- **Exercise**: Match on the string "Beast" in the entries below and return every matching line.

▼▼▼

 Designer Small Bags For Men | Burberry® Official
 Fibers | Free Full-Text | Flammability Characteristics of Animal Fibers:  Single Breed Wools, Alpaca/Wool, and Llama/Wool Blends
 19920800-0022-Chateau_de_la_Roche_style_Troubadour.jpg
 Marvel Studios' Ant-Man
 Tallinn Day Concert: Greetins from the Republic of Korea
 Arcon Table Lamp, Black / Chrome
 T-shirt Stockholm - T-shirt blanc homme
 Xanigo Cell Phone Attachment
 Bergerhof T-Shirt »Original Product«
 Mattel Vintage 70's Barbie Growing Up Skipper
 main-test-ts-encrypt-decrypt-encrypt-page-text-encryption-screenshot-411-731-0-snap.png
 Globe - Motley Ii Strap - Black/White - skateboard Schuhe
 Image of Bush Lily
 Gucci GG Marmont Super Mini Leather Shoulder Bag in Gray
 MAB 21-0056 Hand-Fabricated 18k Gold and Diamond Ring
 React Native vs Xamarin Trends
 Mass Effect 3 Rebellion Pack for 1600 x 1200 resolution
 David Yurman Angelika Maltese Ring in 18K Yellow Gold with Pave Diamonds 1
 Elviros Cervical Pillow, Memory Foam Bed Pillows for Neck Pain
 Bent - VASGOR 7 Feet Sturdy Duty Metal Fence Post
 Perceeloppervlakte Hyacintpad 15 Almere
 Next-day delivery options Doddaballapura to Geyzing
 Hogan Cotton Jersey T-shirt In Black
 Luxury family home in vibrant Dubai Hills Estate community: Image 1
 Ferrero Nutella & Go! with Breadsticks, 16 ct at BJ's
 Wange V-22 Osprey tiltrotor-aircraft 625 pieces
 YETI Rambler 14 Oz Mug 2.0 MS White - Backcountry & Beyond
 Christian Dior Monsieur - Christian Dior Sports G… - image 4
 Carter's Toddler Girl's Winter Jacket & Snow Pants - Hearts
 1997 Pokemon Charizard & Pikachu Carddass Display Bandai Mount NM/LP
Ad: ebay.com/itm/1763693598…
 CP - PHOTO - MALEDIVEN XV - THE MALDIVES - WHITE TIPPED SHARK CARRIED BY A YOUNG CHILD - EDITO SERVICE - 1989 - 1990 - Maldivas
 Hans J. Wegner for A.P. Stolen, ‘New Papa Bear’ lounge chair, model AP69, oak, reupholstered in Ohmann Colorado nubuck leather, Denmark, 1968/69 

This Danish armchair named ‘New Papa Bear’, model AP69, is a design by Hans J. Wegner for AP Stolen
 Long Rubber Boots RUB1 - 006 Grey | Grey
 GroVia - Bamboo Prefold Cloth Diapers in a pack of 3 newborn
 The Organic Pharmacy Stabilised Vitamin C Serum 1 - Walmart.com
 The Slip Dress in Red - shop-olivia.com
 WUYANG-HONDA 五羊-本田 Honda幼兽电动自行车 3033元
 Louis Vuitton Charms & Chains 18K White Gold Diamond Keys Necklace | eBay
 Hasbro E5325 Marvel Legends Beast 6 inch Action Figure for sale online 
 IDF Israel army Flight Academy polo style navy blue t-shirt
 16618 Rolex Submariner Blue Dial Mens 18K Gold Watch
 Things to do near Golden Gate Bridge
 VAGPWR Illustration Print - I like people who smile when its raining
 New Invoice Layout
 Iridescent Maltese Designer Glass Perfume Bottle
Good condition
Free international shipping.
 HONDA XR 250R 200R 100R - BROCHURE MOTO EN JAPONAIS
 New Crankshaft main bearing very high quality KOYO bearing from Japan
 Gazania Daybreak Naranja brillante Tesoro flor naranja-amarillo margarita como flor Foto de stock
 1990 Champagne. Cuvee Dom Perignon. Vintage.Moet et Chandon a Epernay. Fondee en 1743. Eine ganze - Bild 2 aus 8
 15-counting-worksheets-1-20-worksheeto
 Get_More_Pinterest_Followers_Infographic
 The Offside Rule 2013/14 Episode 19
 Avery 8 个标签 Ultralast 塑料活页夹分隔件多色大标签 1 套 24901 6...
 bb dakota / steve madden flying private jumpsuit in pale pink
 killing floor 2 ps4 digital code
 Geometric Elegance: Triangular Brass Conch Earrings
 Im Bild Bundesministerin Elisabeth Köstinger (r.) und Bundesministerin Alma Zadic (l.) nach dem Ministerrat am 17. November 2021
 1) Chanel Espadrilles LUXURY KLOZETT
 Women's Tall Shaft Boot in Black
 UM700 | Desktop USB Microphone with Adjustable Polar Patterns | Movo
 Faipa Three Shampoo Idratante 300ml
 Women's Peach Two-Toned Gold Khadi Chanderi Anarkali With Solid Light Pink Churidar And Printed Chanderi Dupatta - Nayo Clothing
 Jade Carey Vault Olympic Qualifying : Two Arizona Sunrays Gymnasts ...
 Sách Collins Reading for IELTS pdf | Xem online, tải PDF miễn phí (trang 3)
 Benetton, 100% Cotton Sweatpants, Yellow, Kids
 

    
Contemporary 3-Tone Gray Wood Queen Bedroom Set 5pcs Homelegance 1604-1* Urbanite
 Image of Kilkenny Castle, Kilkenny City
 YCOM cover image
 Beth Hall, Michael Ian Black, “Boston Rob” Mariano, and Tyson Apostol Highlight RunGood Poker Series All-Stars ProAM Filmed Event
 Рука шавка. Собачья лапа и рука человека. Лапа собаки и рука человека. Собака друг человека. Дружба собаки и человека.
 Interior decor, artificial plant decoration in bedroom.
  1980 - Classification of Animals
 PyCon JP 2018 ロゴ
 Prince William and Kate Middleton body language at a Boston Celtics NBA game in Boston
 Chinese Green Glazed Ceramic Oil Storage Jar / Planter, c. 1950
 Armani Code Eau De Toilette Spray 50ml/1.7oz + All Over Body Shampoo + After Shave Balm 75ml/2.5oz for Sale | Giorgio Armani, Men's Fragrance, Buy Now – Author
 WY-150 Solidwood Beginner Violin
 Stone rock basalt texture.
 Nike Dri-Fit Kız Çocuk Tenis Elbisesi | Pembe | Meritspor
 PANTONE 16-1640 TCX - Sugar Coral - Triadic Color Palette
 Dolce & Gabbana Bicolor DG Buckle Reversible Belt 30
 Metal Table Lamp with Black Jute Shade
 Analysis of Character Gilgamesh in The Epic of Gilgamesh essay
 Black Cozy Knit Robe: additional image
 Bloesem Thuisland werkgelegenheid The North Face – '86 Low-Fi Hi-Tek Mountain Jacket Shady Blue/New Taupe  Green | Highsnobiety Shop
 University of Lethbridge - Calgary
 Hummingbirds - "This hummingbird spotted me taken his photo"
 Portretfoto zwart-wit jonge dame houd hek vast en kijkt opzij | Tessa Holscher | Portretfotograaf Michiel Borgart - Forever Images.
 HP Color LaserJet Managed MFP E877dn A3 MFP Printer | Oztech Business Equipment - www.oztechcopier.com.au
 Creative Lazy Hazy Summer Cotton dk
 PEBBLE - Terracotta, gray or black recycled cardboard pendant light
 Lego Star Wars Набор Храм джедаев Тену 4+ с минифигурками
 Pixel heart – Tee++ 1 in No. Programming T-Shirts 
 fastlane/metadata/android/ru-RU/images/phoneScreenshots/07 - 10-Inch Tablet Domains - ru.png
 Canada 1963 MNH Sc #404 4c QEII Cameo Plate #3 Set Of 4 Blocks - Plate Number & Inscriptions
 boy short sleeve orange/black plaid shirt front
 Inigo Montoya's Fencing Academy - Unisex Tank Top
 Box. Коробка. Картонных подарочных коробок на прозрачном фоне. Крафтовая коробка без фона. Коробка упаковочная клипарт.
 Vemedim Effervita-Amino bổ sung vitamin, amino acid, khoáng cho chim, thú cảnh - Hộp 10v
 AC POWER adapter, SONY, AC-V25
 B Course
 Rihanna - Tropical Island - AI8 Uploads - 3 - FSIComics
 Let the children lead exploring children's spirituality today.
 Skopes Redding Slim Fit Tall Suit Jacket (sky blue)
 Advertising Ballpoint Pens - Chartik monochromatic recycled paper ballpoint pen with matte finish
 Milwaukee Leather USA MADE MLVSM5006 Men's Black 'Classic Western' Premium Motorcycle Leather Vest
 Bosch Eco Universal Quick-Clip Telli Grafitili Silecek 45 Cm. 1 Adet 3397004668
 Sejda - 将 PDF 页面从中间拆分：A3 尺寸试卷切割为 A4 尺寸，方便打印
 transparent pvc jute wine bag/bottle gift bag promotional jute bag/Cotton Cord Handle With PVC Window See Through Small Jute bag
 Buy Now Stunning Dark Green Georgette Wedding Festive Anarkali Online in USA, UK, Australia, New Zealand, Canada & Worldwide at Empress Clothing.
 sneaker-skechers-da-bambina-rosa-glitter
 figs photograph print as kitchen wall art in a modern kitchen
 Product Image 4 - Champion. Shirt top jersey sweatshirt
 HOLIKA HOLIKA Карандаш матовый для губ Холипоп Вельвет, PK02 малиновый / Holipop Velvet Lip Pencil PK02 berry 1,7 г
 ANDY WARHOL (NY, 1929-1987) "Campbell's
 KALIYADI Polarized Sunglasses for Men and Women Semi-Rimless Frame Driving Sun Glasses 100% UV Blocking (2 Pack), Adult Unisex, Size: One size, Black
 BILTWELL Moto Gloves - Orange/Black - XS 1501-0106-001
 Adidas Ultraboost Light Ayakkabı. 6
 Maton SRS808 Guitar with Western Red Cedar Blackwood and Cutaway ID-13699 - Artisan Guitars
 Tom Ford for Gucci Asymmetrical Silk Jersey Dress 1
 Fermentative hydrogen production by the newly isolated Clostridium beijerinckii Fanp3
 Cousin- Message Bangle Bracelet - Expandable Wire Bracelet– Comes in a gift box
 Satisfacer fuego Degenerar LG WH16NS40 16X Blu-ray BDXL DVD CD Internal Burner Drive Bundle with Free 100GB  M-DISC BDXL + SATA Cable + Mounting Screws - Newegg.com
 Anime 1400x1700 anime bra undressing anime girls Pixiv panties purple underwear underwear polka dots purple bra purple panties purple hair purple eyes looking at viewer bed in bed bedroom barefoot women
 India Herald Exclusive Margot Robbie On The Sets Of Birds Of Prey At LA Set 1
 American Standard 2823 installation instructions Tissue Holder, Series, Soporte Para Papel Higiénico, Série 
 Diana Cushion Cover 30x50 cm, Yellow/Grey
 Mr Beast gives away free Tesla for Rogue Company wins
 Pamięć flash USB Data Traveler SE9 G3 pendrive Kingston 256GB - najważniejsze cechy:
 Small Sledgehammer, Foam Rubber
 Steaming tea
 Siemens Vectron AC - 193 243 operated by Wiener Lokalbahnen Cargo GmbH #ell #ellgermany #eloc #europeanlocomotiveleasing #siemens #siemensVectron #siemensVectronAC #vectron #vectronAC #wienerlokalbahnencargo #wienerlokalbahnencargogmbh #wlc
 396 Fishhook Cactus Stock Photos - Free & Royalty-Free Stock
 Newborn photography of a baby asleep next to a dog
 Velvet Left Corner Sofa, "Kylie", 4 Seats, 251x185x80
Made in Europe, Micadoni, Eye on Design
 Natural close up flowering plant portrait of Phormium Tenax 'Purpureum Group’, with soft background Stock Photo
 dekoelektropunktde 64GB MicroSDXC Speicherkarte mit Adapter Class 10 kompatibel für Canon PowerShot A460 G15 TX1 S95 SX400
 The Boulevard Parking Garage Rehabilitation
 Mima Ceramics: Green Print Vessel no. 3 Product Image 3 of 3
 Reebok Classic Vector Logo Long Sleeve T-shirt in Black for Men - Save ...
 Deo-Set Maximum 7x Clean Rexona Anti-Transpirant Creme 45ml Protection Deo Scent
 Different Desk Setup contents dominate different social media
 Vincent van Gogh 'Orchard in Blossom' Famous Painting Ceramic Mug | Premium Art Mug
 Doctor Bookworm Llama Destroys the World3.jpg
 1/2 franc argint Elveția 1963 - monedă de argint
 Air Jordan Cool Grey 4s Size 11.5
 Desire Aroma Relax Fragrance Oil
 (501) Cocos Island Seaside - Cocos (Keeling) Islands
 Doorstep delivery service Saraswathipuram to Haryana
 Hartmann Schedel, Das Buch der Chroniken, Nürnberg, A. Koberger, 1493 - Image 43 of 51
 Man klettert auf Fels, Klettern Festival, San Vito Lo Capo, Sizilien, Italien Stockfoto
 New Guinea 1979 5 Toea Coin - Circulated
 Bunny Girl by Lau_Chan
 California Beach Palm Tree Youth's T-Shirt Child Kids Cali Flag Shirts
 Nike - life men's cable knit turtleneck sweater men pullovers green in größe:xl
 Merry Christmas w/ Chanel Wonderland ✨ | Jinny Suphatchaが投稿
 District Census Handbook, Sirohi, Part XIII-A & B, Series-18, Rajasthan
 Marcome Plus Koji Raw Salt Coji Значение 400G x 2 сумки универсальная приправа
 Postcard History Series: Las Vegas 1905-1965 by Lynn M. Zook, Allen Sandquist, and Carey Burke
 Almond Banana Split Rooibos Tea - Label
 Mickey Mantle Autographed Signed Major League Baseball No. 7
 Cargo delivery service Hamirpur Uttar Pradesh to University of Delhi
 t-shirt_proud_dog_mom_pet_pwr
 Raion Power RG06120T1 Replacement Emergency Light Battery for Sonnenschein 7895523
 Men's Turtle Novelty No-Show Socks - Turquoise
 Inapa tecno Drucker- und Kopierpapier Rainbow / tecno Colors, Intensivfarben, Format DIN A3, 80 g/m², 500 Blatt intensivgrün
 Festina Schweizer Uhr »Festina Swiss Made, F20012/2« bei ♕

▲▲▲

- **Answer for the task**:
 Hasbro E5325 Marvel Legends Beast 6 inch Action Figure for sale online 
 Mr Beast gives away free Tesla for Rogue Company wins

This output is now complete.